A new feature in Nsight Compute 2020.1 is an automated GPU roofline tool. Nsight Compute generates a GPU roofline plot in the GUI automatically, but only if all performance metrics are collected on the kernel; this can be accomplished by adding --set full
to the list of Nsight Compute arguments during application profiling. Users should note that this flag increases profiling overheard by a very large amount, so it is recommended to limit the number of kernels profiled by using the flags summarized above. Below is a depiction of the roofline plot generated in Nsight Compute:
NVIDIA documentation about Nsight Compute is here.
nvprof¶
nvprof has been CUDA's standard profiling tool for several years. It is easy to use - one simply inserts the word nvprof
in front of their application in the srun
command, and it will profile the code and generate a report:
user@cgpu17:~/samples/bin/x86_64/linux/release> srun -n 1 ./nvgraph_SpectralClustering
GPU Device 0: "Tesla V100-SXM2-16GB" with compute capability 7.0
Modularity_score: 0.371466
Hit rate : 100.000000% (34 hits)
Done!
user@cgpu17:~/samples/bin/x86_64/linux/release> srun -n 1 nvprof ./nvgraph_SpectralClustering
==152717== NVPROF is profiling process 152717, command: ./nvgraph_SpectralClustering
GPU Device 0: "Tesla V100-SXM2-16GB" with compute capability 7.0
Modularity_score: 0.371466
Hit rate : 100.000000% (34 hits)
Done!
==152717== Profiling application: ./nvgraph_SpectralClustering
==152717== Profiling result:
Type Time(%) Time Calls Avg Min Max Name
GPU activities: 26.12% 22.309ms 6162 3.6200us 3.3270us 5.4400us void nrm2_kernel<float, float, float, int=1, int=0, int=128, int=0>(cublasNrm2Params<float, float>)

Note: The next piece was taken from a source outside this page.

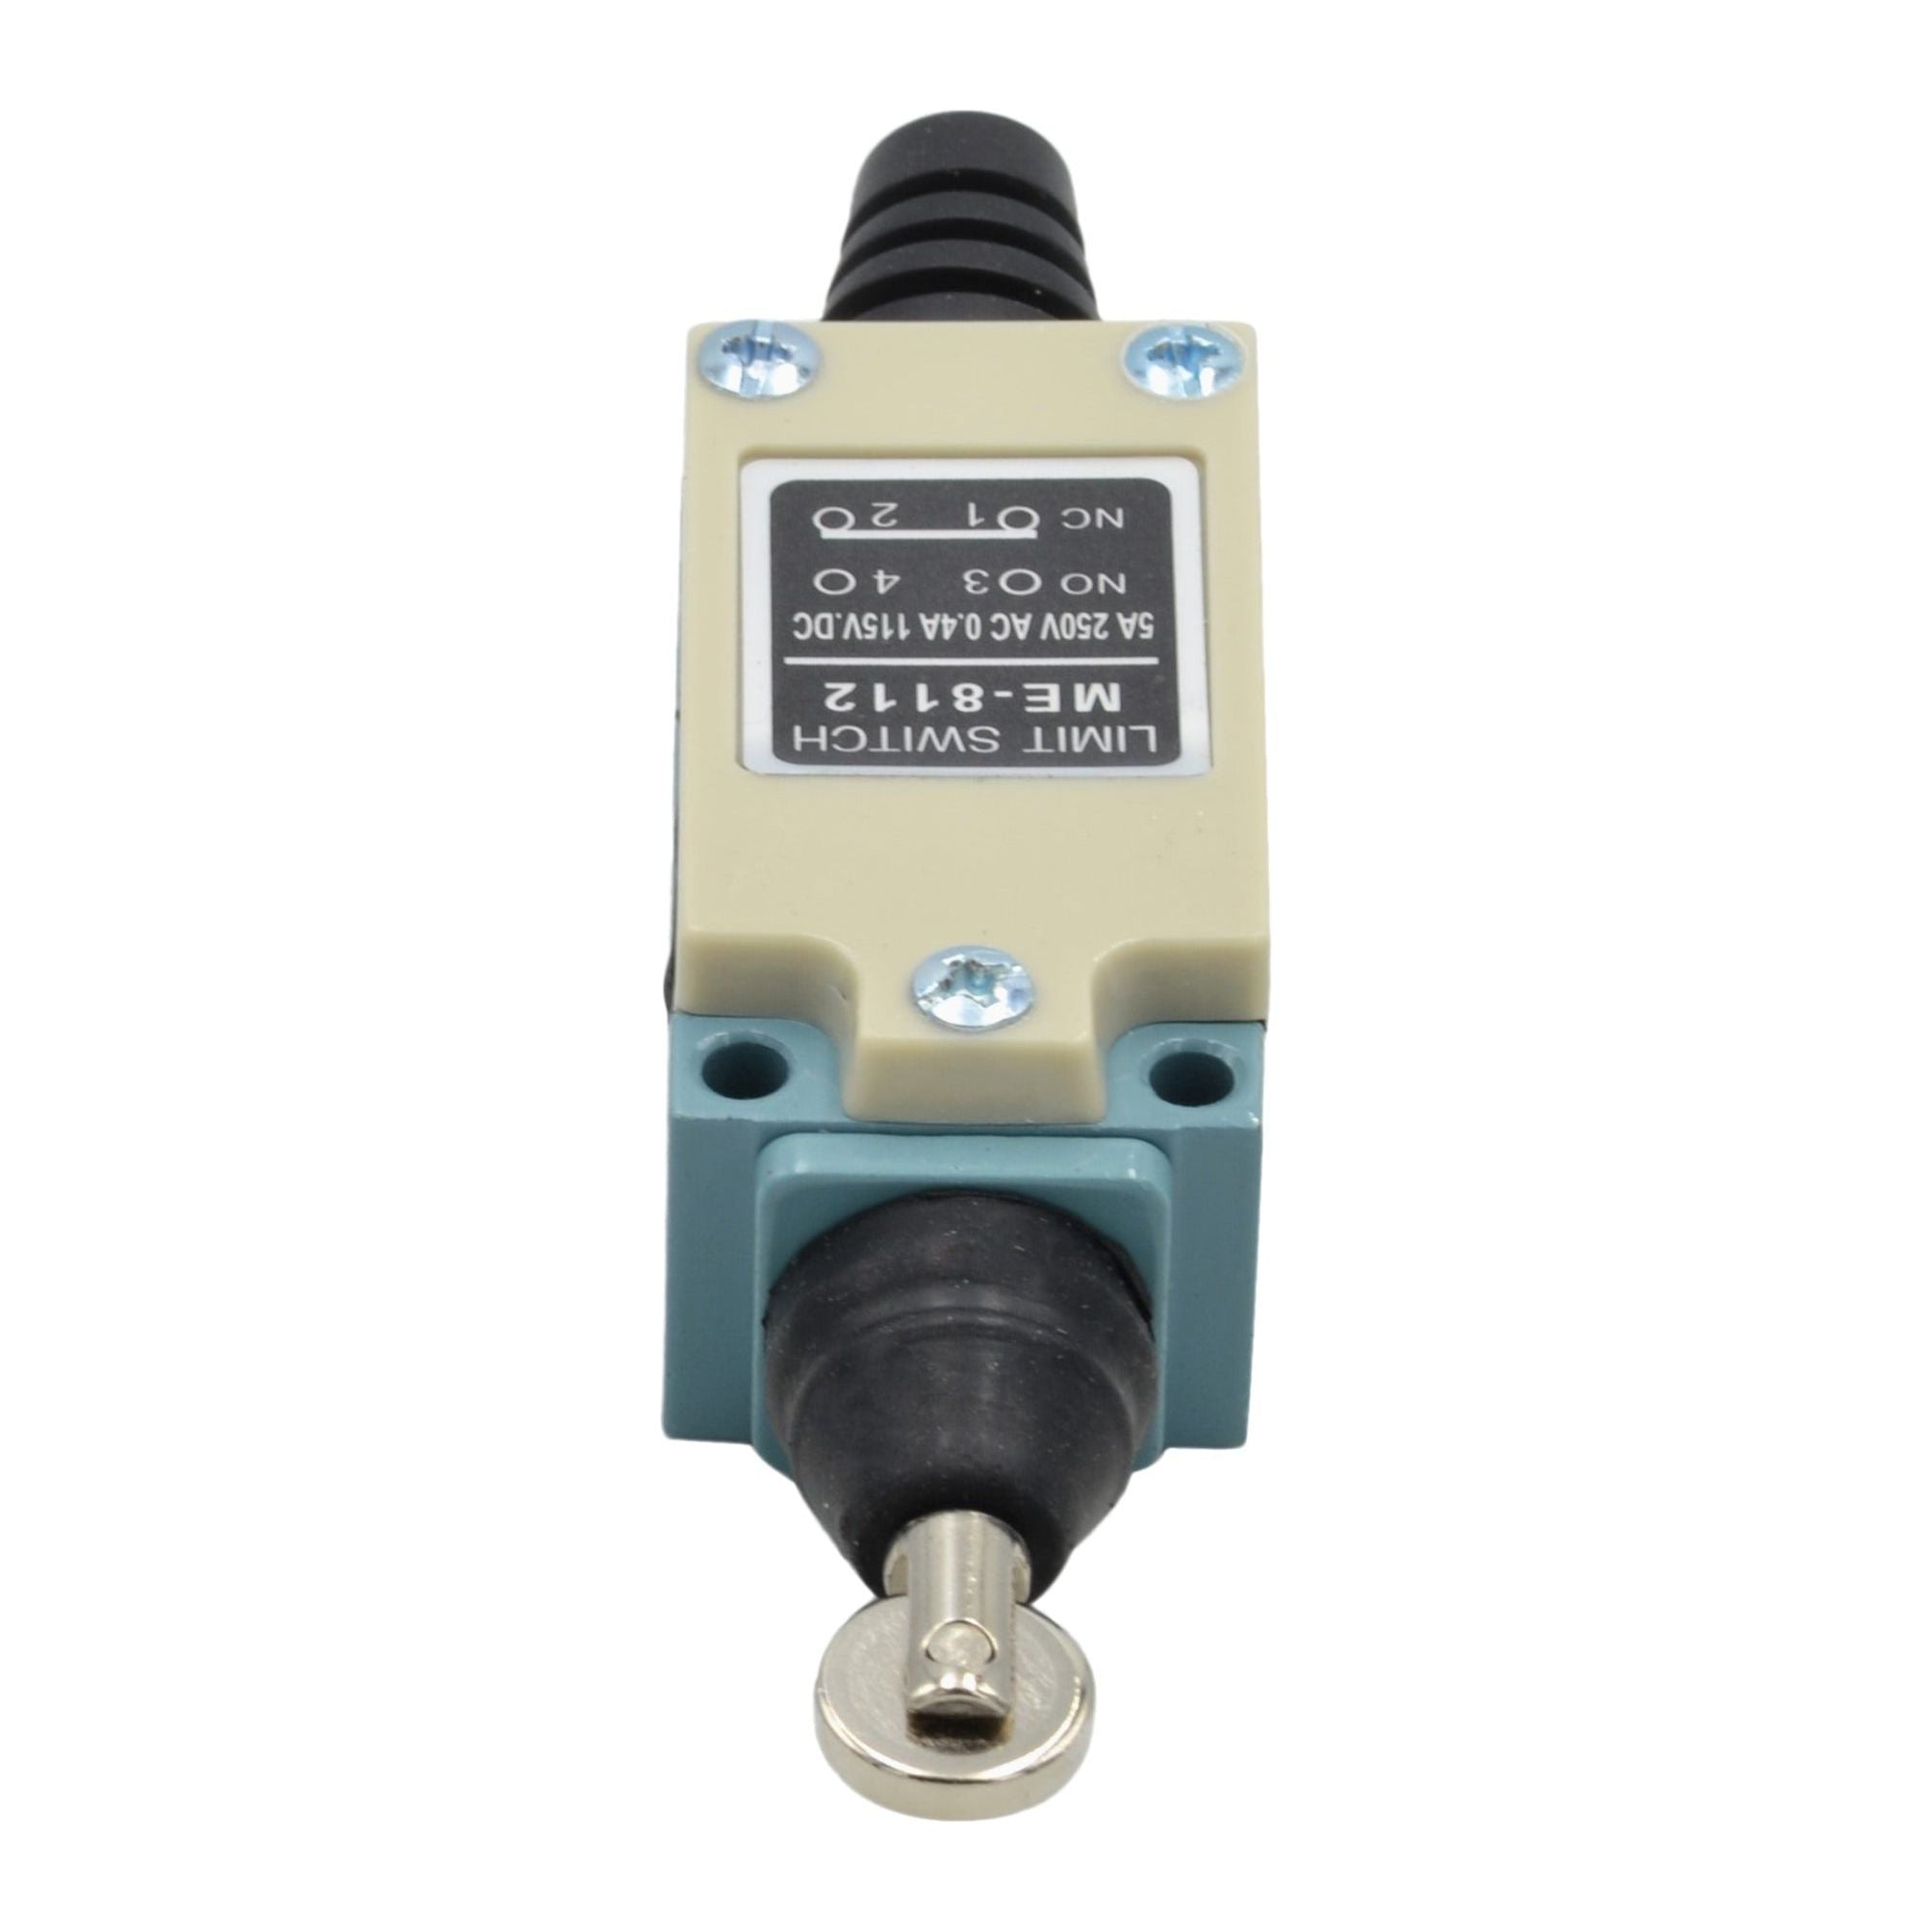 ME-8112 Cross Roller Plunger Momentary Limit Switch

16.07% 13.722ms 8850 1.5500us 1.5040us 2.1120us [CUDA memcpy DtoH]
13.07% 11.161ms 8620 1.2940us 1.2160us 1.9520us void axpy_kernel_val<float, float, int=0>(cublasAxpyParamsVal<float, float, float>)
11.51% 9.8280ms 5752 1.7080us 1.6310us 13.600us void dot_kernel<float, float, float, int=128, int=0, int=0>(cublasDotParams<float, float>)
10.79% 9.2173ms 2877 3.2030us 3.1040us 13.344us void csrMv_kernel<float, float, float, int=128, int=1, int=2>(cusparseCsrMvParams<float, float, float>)
10.28% 8.7775ms 5752 1.5250us 1.4710us 2.4960us void reduce_1Block_kernel<float, float, float, int=128, int=7>(float*, int, float*)
5.54% 4.7290ms 3295 1.4350us 1.3760us 1.8240us [CUDA memcpy HtoD]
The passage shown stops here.